Automated Dune Analytics Data Ingestion Pipeline

Situation

Manual data ingestion from Dune Analytics was slow, error-prone, and limited the team's ability to quickly access blockchain analytics data.

Task

Build an automated pipeline to integrate Dune Analytics with the enterprise data platform, enabling self-service ingestion into Athena.

Action

Developed a user-friendly interface for self-service data ingestion
Automated pipeline deployment using ECS, Airflow, Docker, and Terraform
Integrated Slack notifications for pipeline status updates
Documented the process for easy onboarding and maintenance

Result

Reduced data ingestion time by 90%, eliminated manual steps, improved data reliability, enhanced team productivity, and reduced operational costs.

Python AWS ECS Athena S3 Airflow Docker Terraform Slack API Poetry

Data Pipeline Factory with Automated Deployment

Situation

Teams relied on notebooks for prototyping and manual deployment, leading to slow, inconsistent, and unscalable data pipelines.

Task

Build a data pipeline factory to automate project scaffolding, configuration management, and Airflow DAG generation via YAML, enabling seamless dev-to-prod deployment.

Action

Developed a factory to standardize pipeline structure and automate Airflow DAG creation
Implemented YAML-driven config management for flexible pipeline definitions
Automated deployment workflows using Docker, AWS ECS, and CI/CD
Replaced notebook-based prototypes with production-grade pipelines
Created onboarding documentation and templates for new team members

Result

Reduced setup time from days to minutes, improved collaboration, automated deployment, enhanced scalability, and cut pipeline deployment from one month to 1-2 weeks.

Python Airflow Docker AWS ECS Terraform YAML Poetry CI/CD

Design and Implement the Data Lakehouse

Situation

Company needed a robust data platform, moving from a NoSQL database to a comprehensive solution for data-driven culture.

Task

Design and implement a Data Lakehouse Platform to handle multiple data sources including blockchain, lending protocols, and cryptocurrency platforms.

Action

Conducted POC tests for open table format selection
Designed scalable architecture for multiple data sources
Implemented platform with blockchain and DeFi data integration
Established data access patterns for analytics

Result

Successfully established a functional Data Lakehouse platform enabling data-driven culture and efficient data access for analytics.

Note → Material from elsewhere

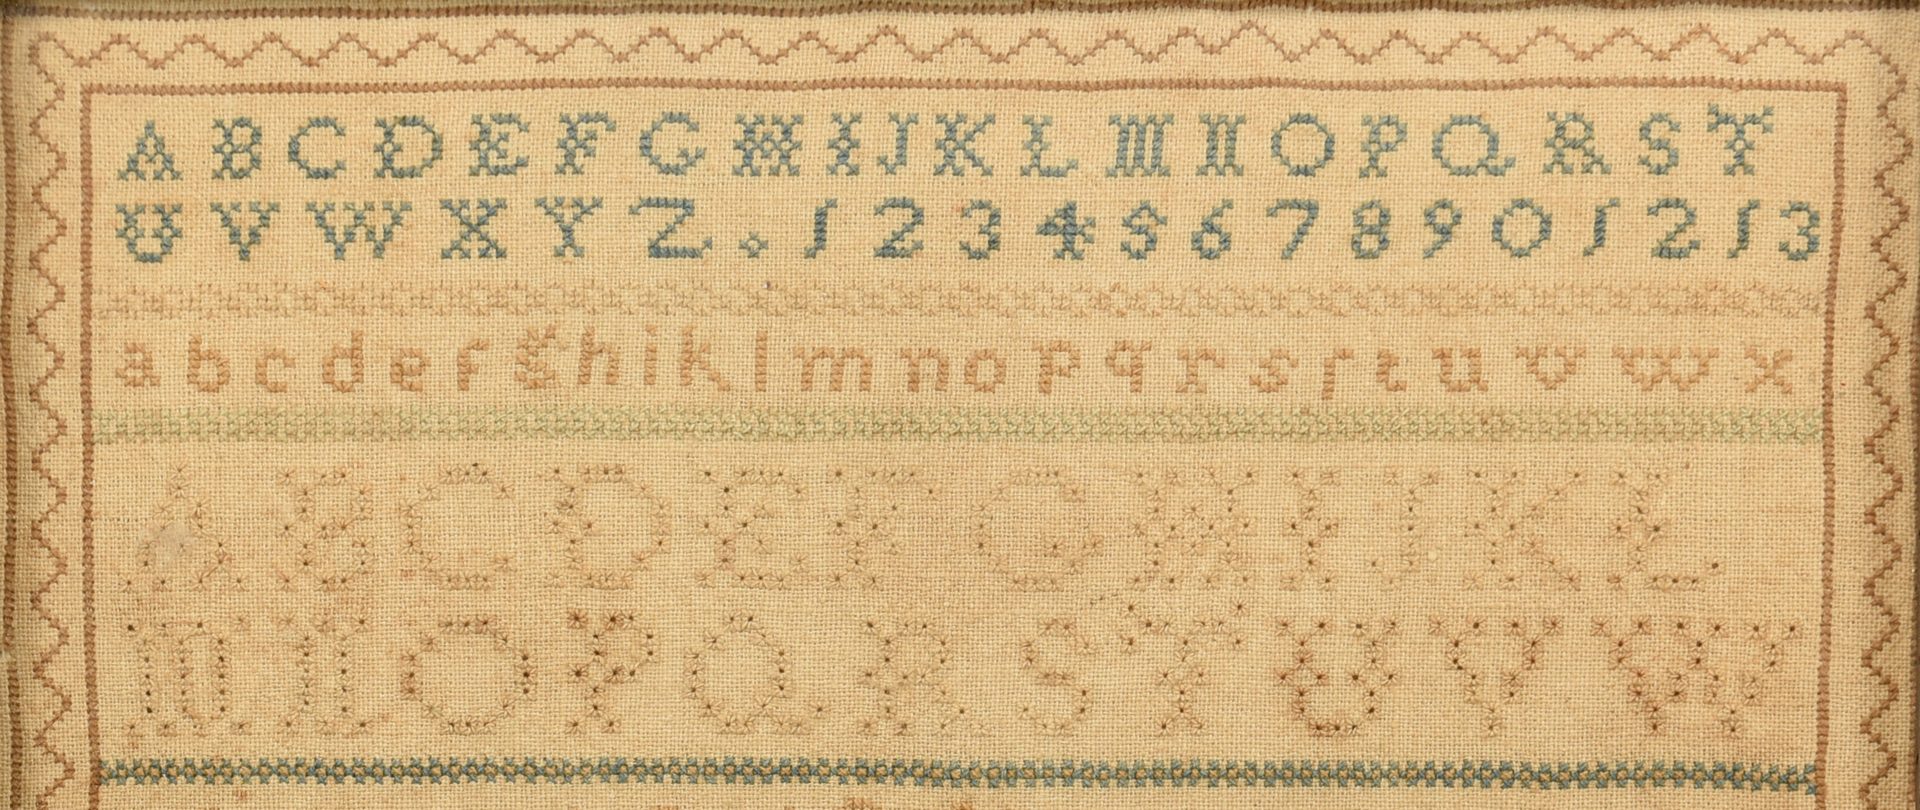 Lot 292: Montgomery Co. Tennessee Sampler

AWS Apache Spark Apache Hudi Airflow Terraform

Unique EOA Address Analysis

Situation

Need to obtain unique EOA addresses from DeFi events (AAVE V1, V2, and Compound) with specific data requirements.

Task

Create data pipeline for unique EOA address tracking using Apache Hudi.

Action

Implemented data extraction for DeFi events
Processed unique EOA addresses
Used Apache Hudi for upsert functionality
Created comprehensive tracking system

Result

Successfully created tracking system for unique EOA addresses, enabling efficient DeFi event analysis.

Apache Hudi DeFi Python

On-chain Credit Score - Data Pipeline with Ethereum Erigon Node

Situation

Organization needed comprehensive Ethereum blockchain transaction data for on-chain credit scoring, requiring faster and more reliable data access than available through Etherscan API.

Task

Design and implement a custom Ethereum node solution for on-chain credit scoring, including evaluation of different clients.

Action

Conducted POC comparing Geth and Erigon clients for archive node capabilities
Selected Erigon client for its superior performance in archive node operations
Set up Python-based data extraction on AWS ECS for transaction processing
Implemented data processing with Athena and EMR Serverless
Created data models for transaction categorization
Developed aggregated tables for wallet and coin balances

Result

Successfully implemented a high-performance blockchain data processing system with custom Ethereum node, enabling real-time analysis of transactions for on-chain credit scoring.

Ethereum Node Erigon Client AWS ECS EMR Serverless Athena Airflow

Data Ingestion Polygon Subgraph - DeFi Events

Situation

We needed to fetch data from The Graph, specifically DeFi data from the Polygon subgraph. The data of interest were events generated by lending protocols.

Task

Set up a reliable data extraction and processing pipeline to get this specific DeFi data from the Polygon subgraph on The Graph.

Action

Configured extraction parameters for DeFi events
Implemented data extraction from lending protocols
Processed and transformed data for analysis
Integrated with existing data infrastructure

Result

Successfully implemented a pipeline to fetch and process DeFi data from the Polygon subgraph, enabling detailed analysis of lending protocol events.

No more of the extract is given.